Energy System	Busbar with Highest Active Power Dispatch	Busbar with Lowest Active Power Dispatch	Justification
WTs	Bus 6	Bus 9	Quantity of power dispatched by WTs at each bus was constrained by WT offer and bid prices, as well as the thermal limits of the lines
PVs	Bus 16	Bus 12	Amount of power dispatched by PVs at each bus was restricted by the offer and bid prices of PVs, as well as voltage limits at each bus

. The energy storage unit has two modes of operation: when energy price is low, it operates as a load and stores energy, and when energy price is high, it operates as a producer of energy and sells it on the market at a profit. Figure 9 and Figure 10 illustrate that scenario B, which employs a demand response strategy, had more charging and discharging of the energy storage unit than in scenario A. This was because the DR scheme allowed for the shifting of some loads to other low-demand periods. Furthermore, according to Figure 9, the ES unit was scheduled to charge at times 1–6 and 12–17 h (off-peak hours). During these hours, the ES unit was charged with a total of 49.3 kW of power. According to Figure 10, the ES unit was scheduled to discharge during times 7–11 and 18–24 h (peak hours). The ES unit discharged a total of 49.2 kW of power. The ESS performed well in terms of flattening the load curve and improving grid stability. This mitigated the dependency of VPP on the utility grid and also lowered its overall energy cost. The social welfare for both scenarios is shown in Figure 11. As can be observed, the SW is greater in scenario B than in scenario A. This is primarily attributed to DR scheme integration and the increased active power dispatched in scenario B, which allowed for a higher SW.

7. Conclusions

In this study, a new MB-VPP energy trading model was presented. It was composed of RESs, controllable loads participating in the DR program, and ESS operating in the day-ahead energy market. The proposed approach examined two different scenarios, one with and one without controllable loads participating in the DR program. The impact of both approaches on SW, WT, PV, and ESS active power dispatch and delivery capacity to load was analyzed. A scenario-based method was applied to model the uncertainties related to WTs, PVs, and load demand. The optimization problem was solved using a CPLEX solver in the GAMS environment. The numerical simulation of the proposed model demonstrated the effectiveness of the MB-VPP in supplying power to loads.

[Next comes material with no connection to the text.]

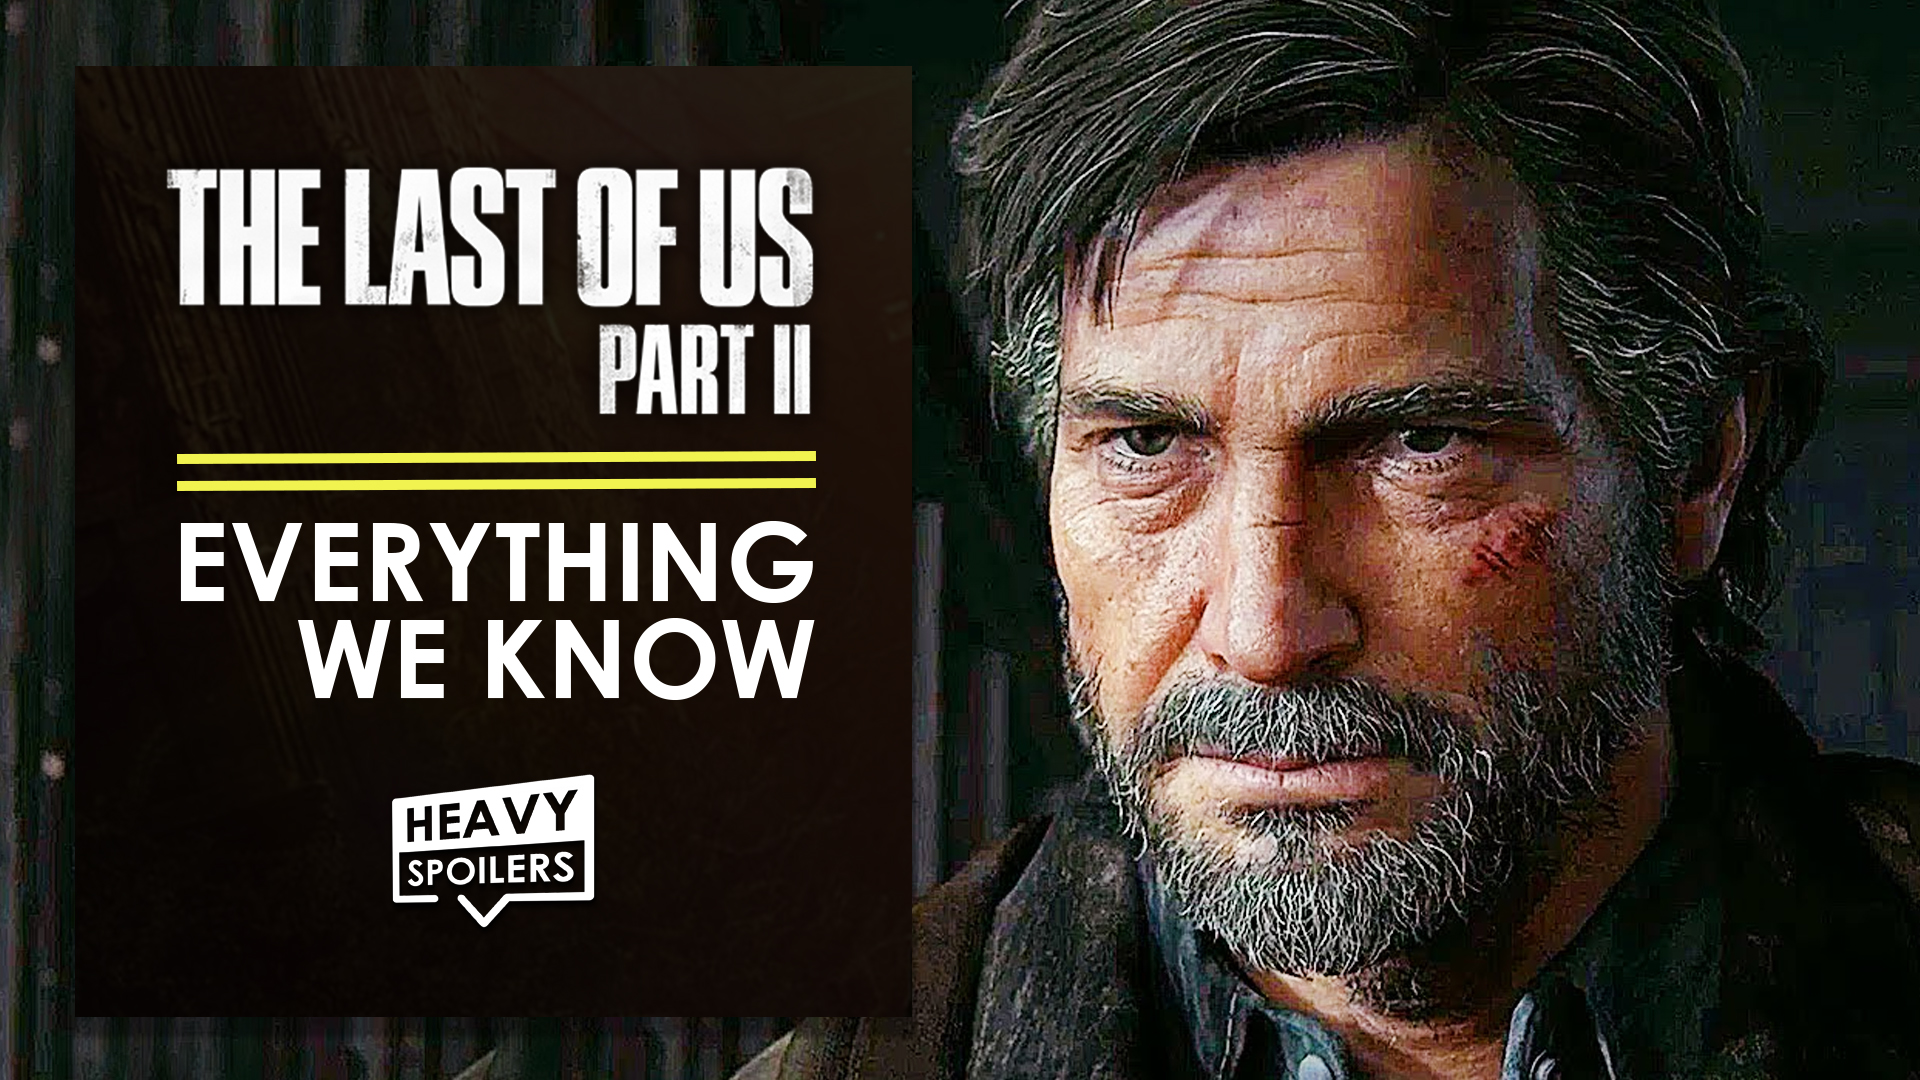 the last of us part 2 everything we know so far new trailer release date plot and storyline multiplayer spoilers review ghost joel is death fan theory ellie

• The active power dispatch capacity of WT and PV at each candidate bus was improved by 3% in scenario B over the planning horizon, owing to the integration of the DR program in the proposed model.
• Similarly, the controllable loads participating in the DR program used in scenario B also improved social welfare of the VPP by 3%.
• The proposed approach could persuade end users to engage in the electricity market to ease peak-period load on the power grid; therefore, contributing to power system reliability.

Further research of environmental goals could be incorporated into the VPP configuration in addition to pure economic optimization.